The self control thing has to do with the fact that I should be reading a lot more Italian than I am at the moment in preparation for my vacation next month and, with the exception of tonight's dinner,  I cannot seem to put down Gretchen Rubin's book "the Happiness Project," which I am supposed to be saving for May 1st.  The second realization, however, is at the heart of the scales of purpose and happiness.  It shows that even beyond putting on a good face to neutralize a day full of things that you can't control that tip the scale towards the negative side, sometimes you can take action and do something to tip the scale back towards the positive side. 
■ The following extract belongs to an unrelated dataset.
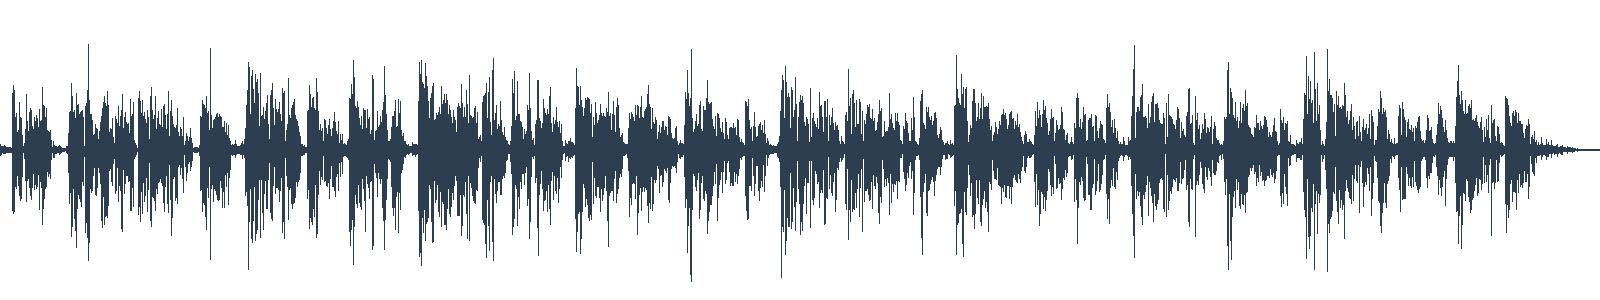 Nové audioknihy 14/2019 waveform

How do you measure happiness and purpose?  What action do you take when you want to tip the scale to the positive side?

Tuesday, April 26, 2011

Make Every Day Happen On Purpose

I'm sitting in our crew lounge at JFK waiting to brief and fly off to Barcelona, but in the couple of minutes I have left to wait I wanted to make a note of a realization I had while in the car driving here.  I was sitting there just enjoying the beautiful spring breeze when I remembered that I had not written a blog entry yet today.  Then I realized that ever since I started writing this blog, I've been living on purpose.  Every day I've had my goal in the forefront of my mind and at the base of my actions.  Let me tell you, life is so much more enjoyable when you don't just let it carry you along.  I feel like I have more energy and my days seem so much longer.  I get so much more done because even if the task seems unimportant in and of itself, I see how it fits into the puzzle that I am creating and how doing or not doing it will affect the rest of my "on purpose" actions and day.  Just this morning I got a huge amount of laundry done, the common areas of my apartment neatened (I was afraid if I didn't move my piles of random things, my poor roommate would be tempted to throw them out the window soon), I paid my rent and my credit card bill, repacked my luggage, and even made my bed!  If I had not been doing these things with a higher goal in mind, I never would have gotten two of them done, let alone all of them. 

By golly, I think I've finally got it!